5. Calculate 2-day percentage changes following positive earnings surprises. Show your answer in % (closest number to the 2nd digit): *return* * 100.0
6. (Optional) Compare the median 2-day percentage change for positive surprises vs. all historical dates. Do you see the difference?

Context: Earnings announcements, especially when they exceed analyst expectations, can significantly impact stock prices in the short term.

Reference: Yahoo Finance earnings calendar - https://finance.yahoo.com/calendar/earnings?symbol=AMZN

*Additional*: Is there a correlation between the magnitude of the earnings surprise and the stock price reaction? Does the market react differently to earnings surprises during bull vs. bear markets?)

In [33]:
# step 1
amazon_csv = pd.read_csv("ha1_Amazon.csv", sep=";")

amazon_csv = amazon_csv.drop(index=116)

amazon_csv['Earnings Date'] = amazon_csv['Earnings Date'].apply(lambda x: parser.parse(x).date())

# Step 2: Download Amazon historical price data
amazon_hist = yf.Ticker("AMZN").history(start='1997-01-01', end="2025-01-01")

# Step 3
amazon_hist["Close_Day1"] = amazon_hist["Close"]
amazon_hist["Close_Day3"] = amazon_hist["Close"].shift(-2)
amazon_hist["2_day_return"] = (amazon_hist["Close_Day3"] / amazon_hist["Close_Day1"]) - 1

# Step 4: Identify positive earnings surprises
amazon_csv["Reported EPS"] = pd.to_numeric(amazon_csv["Reported EPS"], errors="coerce")
amazon_csv["EPS Estimate"] = pd.to_numeric(amazon_csv["EPS Estimate"], errors="coerce")
amazon_csv["Surprise (%)"] = pd.to_numeric(amazon_csv["Surprise (%)"], errors="coerce")

# Identify positive earnings surprises
amazon_csv["Positive_Surprise"] = (
    (amazon_csv["Reported EPS"] > amazon_csv["EPS Estimate"]) |
    (amazon_csv["Surprise (%)"] > 0)
)

### Question 5.  [Exploratory, optional] Brainstorm potential idea for your capstone project

**Free text answer**

Describe the capstone project you would like to pursue, considering your aspirations, ML model predictions, and prior knowledge.
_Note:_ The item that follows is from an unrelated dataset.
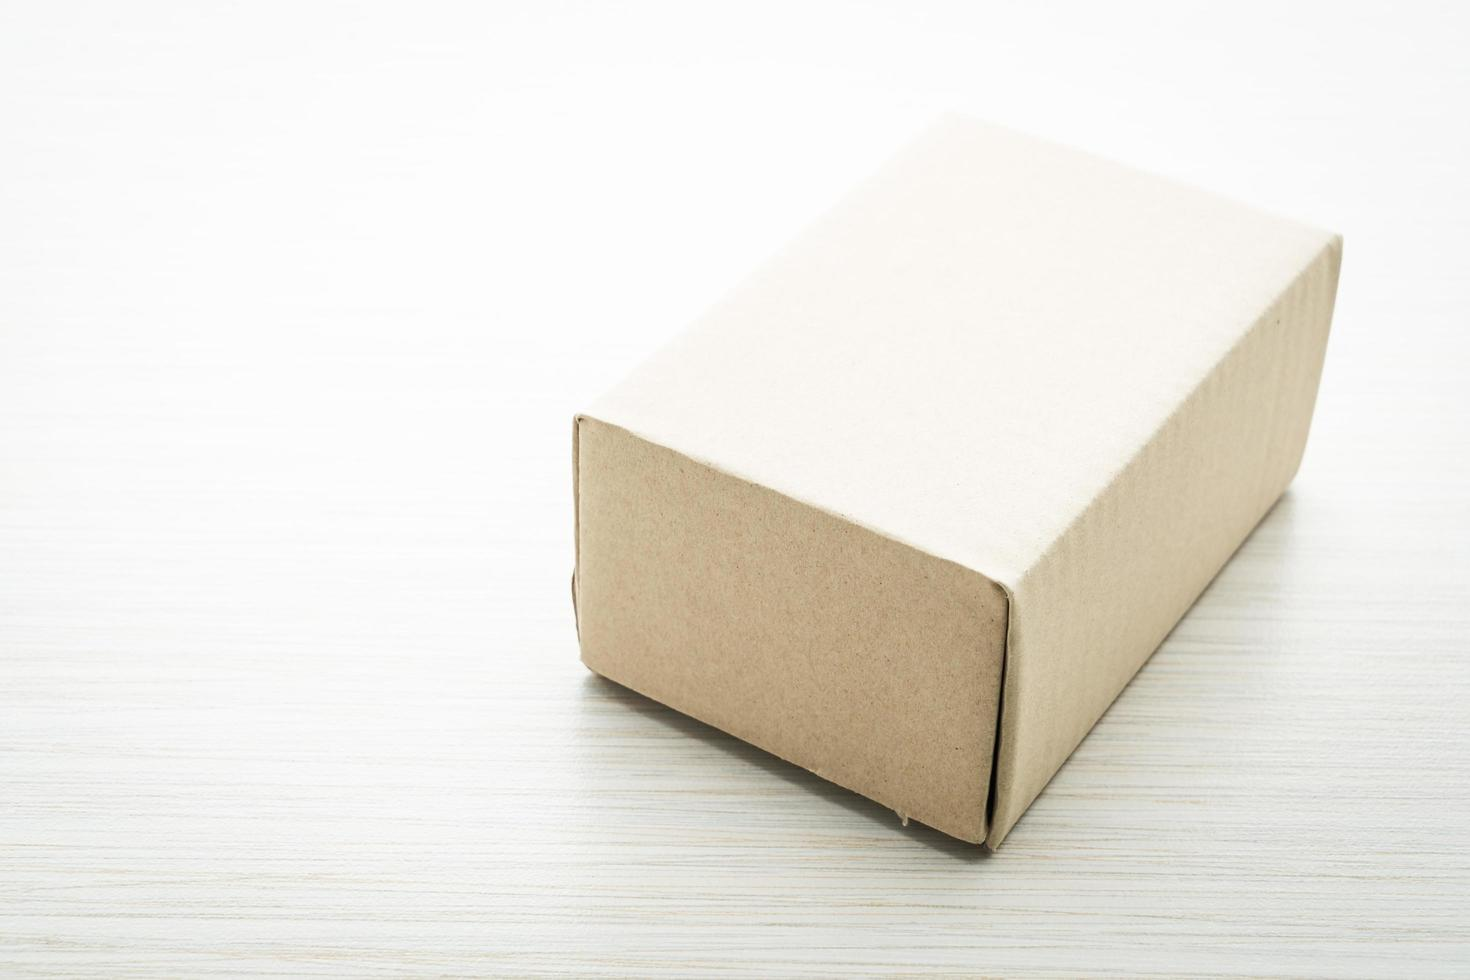 braune Box verspotten foto

Even if you are unsure at this stage, try to generate an idea you would like to explore-such as a specific asset class, country, industry vertical, or investment strategy. Be as specific as possible.
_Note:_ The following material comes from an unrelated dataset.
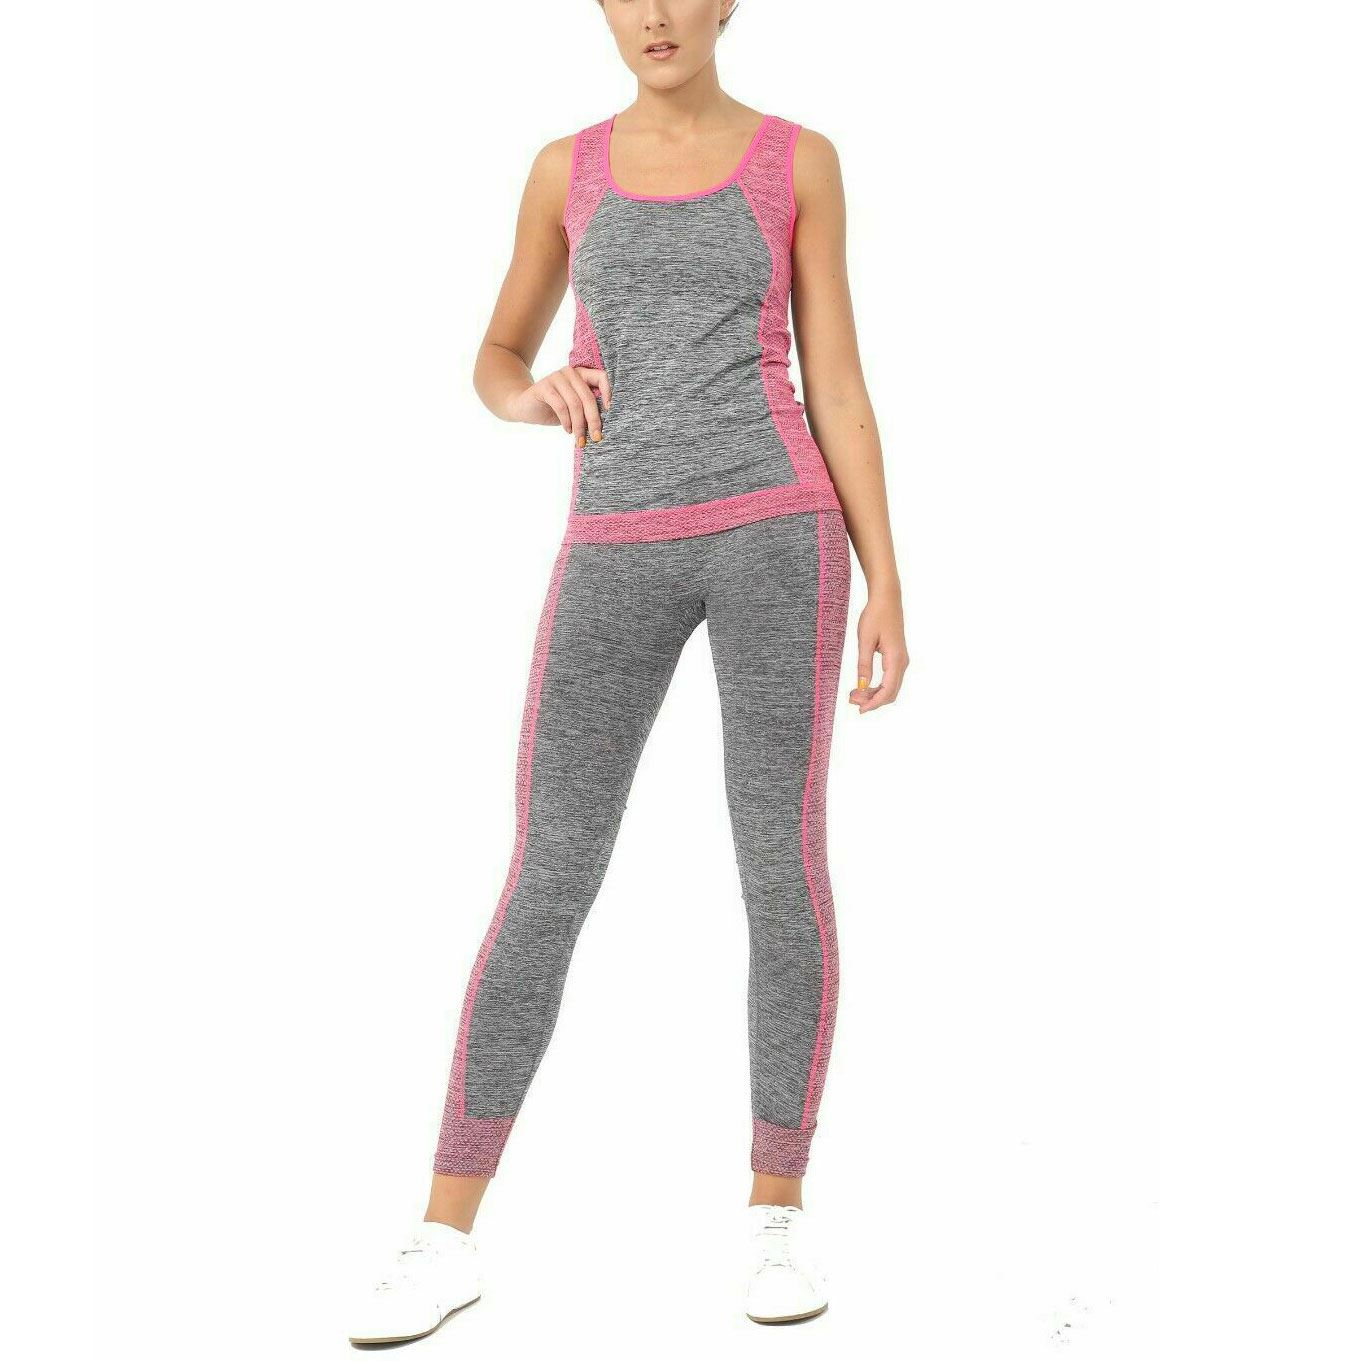 2pcs Damen Sport Yoga Anzug Weste Top Leggings Hose Outfit

*Example: I want to build a short-term prediction model for the US/India/Brazil stock markets, focusing on the largest stocks over a 30-day investment horizon. I plan to use RSI and MACD technical indicators and news coverage data to generate predictions.*

### Question 6. [Exploratory, optional] Investigate new metrics

**Free text answer**

Using the data sources we have covered (or any others you find relevant), download and explore a few additional metrics or time series that could be valuable for your project. Briefly explain why you think each metric is useful. This does not need to be a comprehensive list-focus on demonstrating your ability to generate data requests based on your project description, identify and locate the necessary data, and explain how you would retrieve it using Python.